5) PROCESS GOING FORWARD - Now that we have possession of the unit, it will be rented to a fully vetted tenant who has proven their ability to pay the rent, show up on time, communicate effectively, and maintain a tenant's insurance policy. There will be a lease on hand and banking information supplied to allow us to withdraw rent fund directly from their account. With a direct request available to us, if this next tenant decides to not pay the rent and we move forward with eviction, worst case scenario we are looking at 39 days before we have possession of the unit again.

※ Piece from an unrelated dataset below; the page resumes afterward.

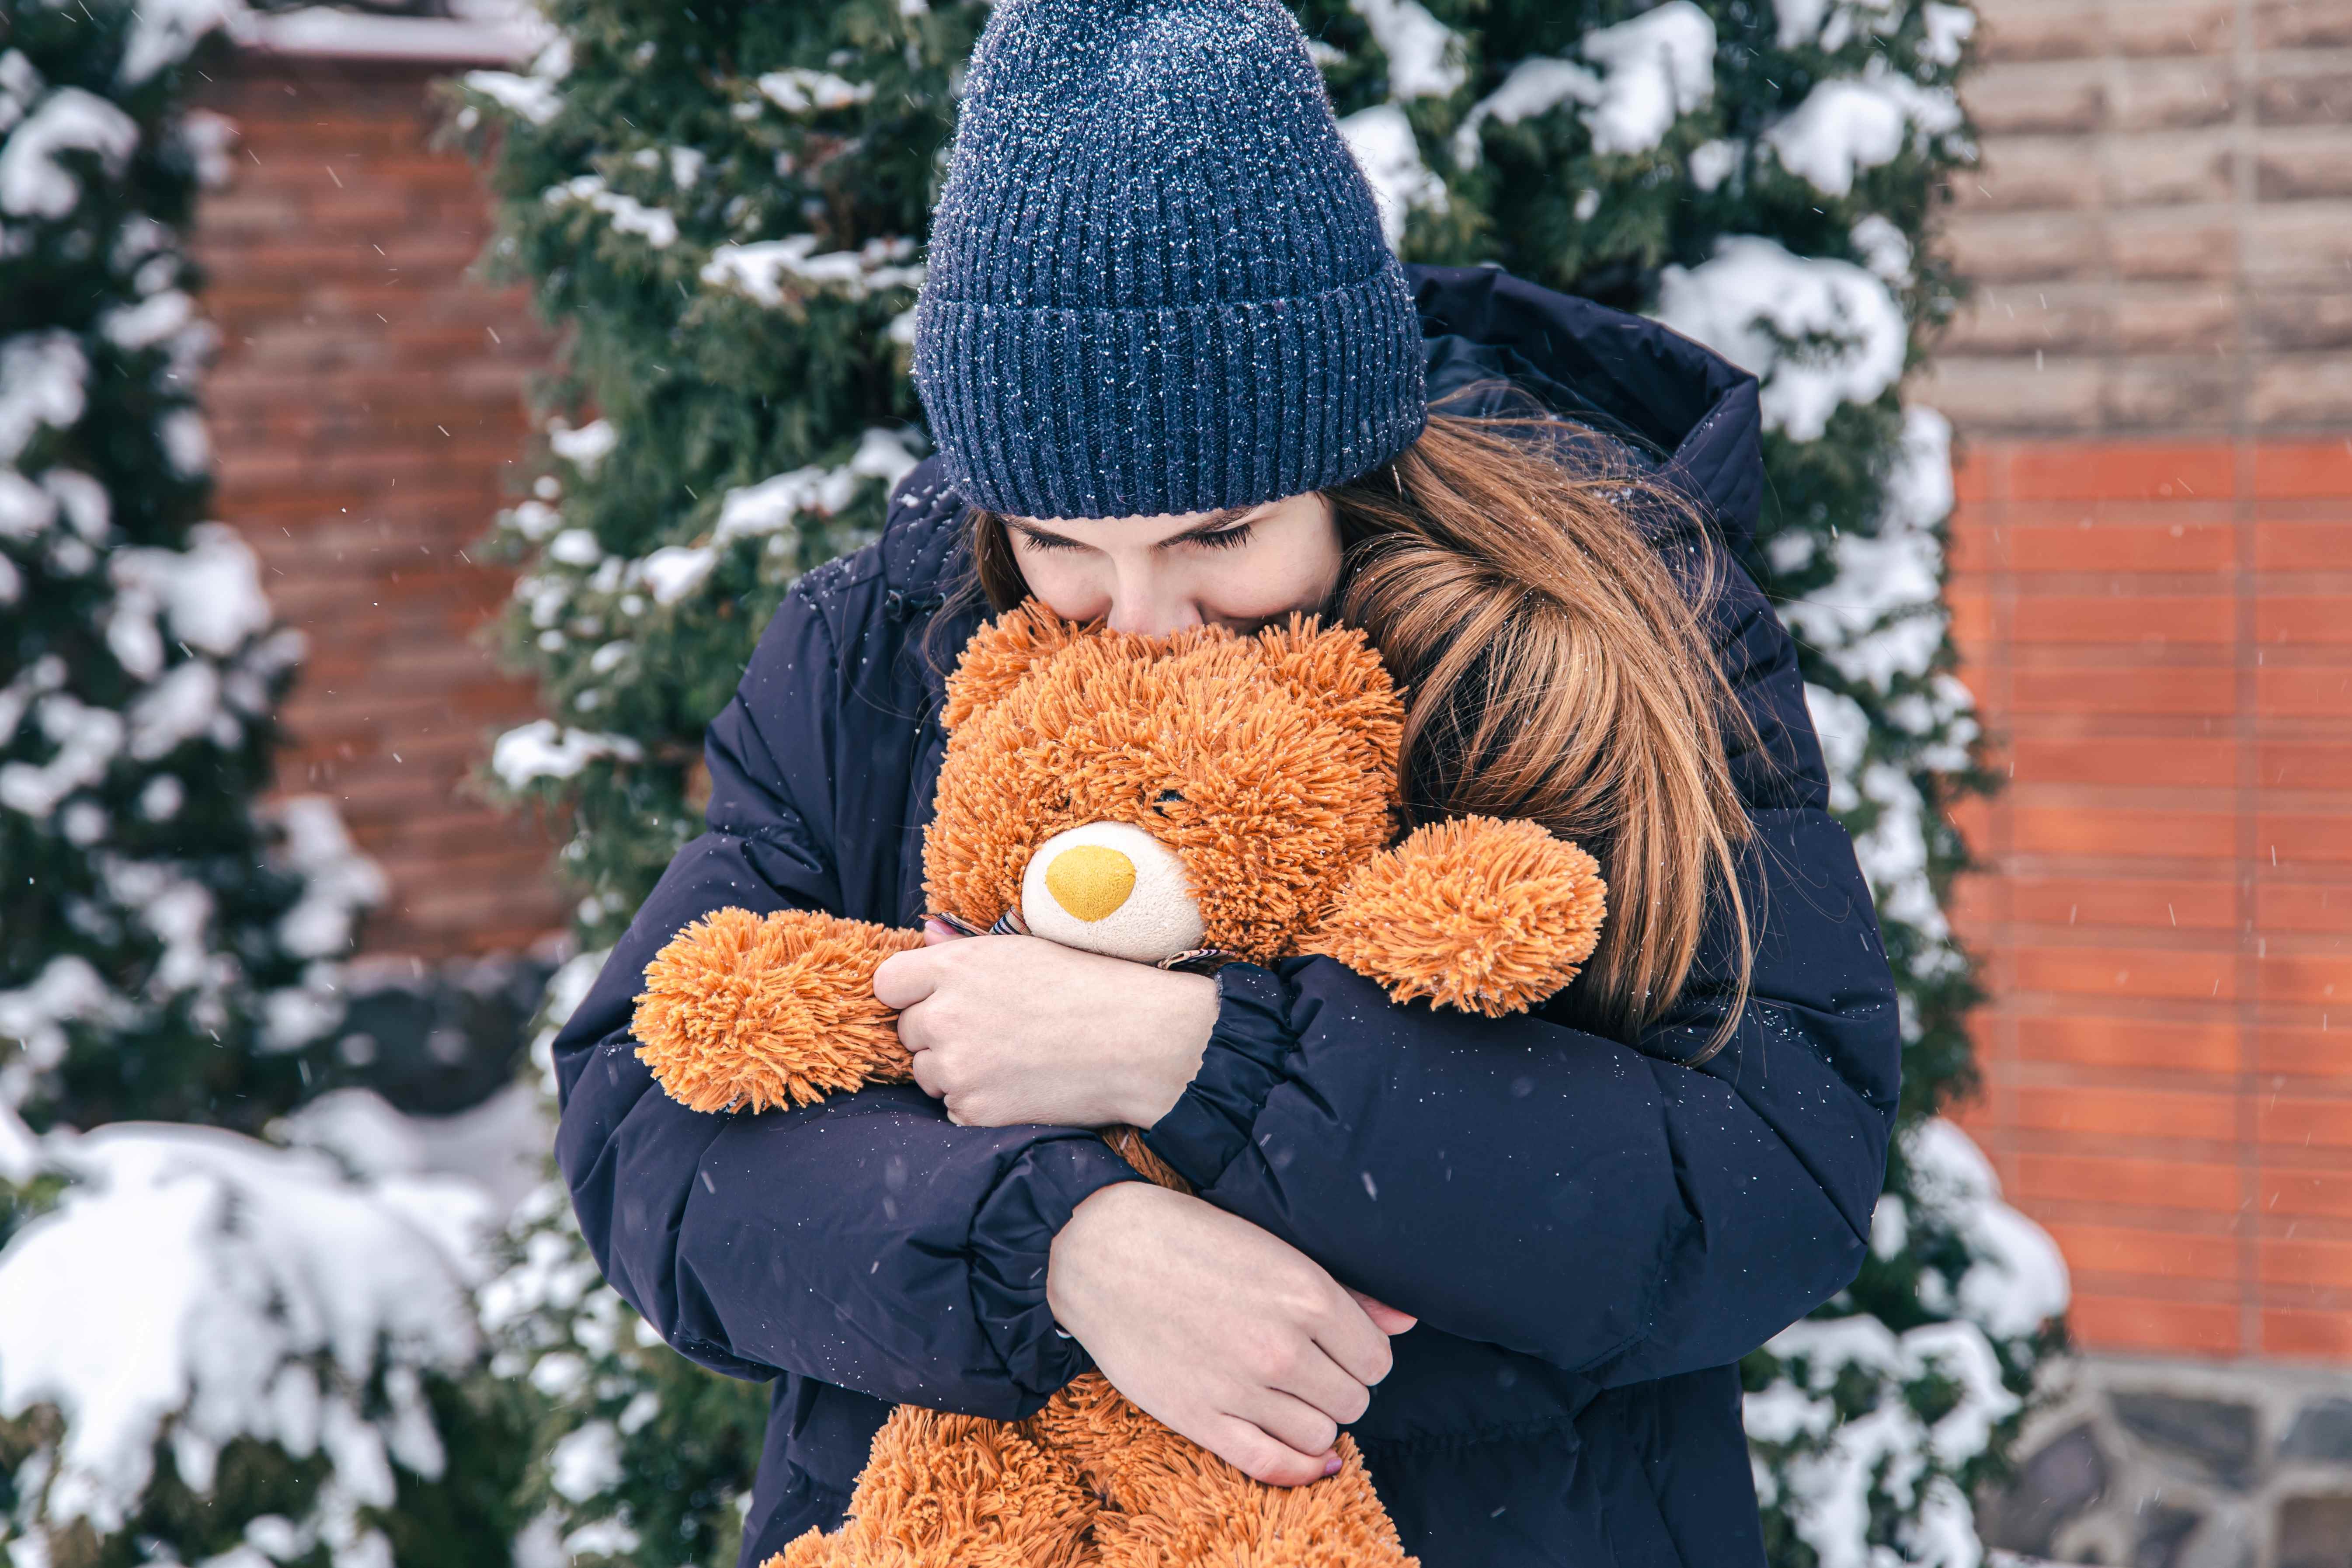 A woman cuddles the sweet teddy bear her boyfriend gave her for Valentine’s Day.

6) RESULTS & FINANCIAL COMPARISON - Just for fun, the difference between 100 days and 39 days is financially huge:

39 days to evict:

  • $2,045.90 in missed rent ($52/day or $1,600/month)
  • With a lease and credit information of the tenant, you can attempt to collect on this amount and any damages via the RTB and small claims court. Also, in our experience, a properly vetted tenant does not pay the rent because they are unable to and they work with you on a smooth transition with little to no damage, turnover expenses, etc. When you bring an order or writ of possession to someone and explain to them that they will be removed from their home in X days against their will or they can clean up and leave on their own accord, 9 times out of 10, they do the latter saving you more money and headache for both parties.
  • Damages: $200 mailing and filling fees

Total: $2,245.90

100 days to evict:

  • $5,245.90 in missed rent ($52/day or $1,600/month)
  • Damages: $2,000 for bailiff, $3,500 for turnover expenses, $200 mailing and filling fees
  • Without a lease and credit information of the tenant, you cannot attempt to collect on this amount or any damages as you do not know who you are going after...

Total: $10,945.90

Many people voice their opinions of the RTB and how it favours tenants. As professional rental managers, we see both sides. A bad Landlord is not diligent, and is therefore punished by the "favourable system" because they cannot file some basic paperwork. These people are tasked with supplying housing to our working public and they should be held to the high standards that the RTB requires in everyday cases. For issues like non-payment of rent, I agree with the process. It is fair and balanced, you just have to run your building or rental property like a business, not an entitlement. It's easier than it sounds and important for everyone.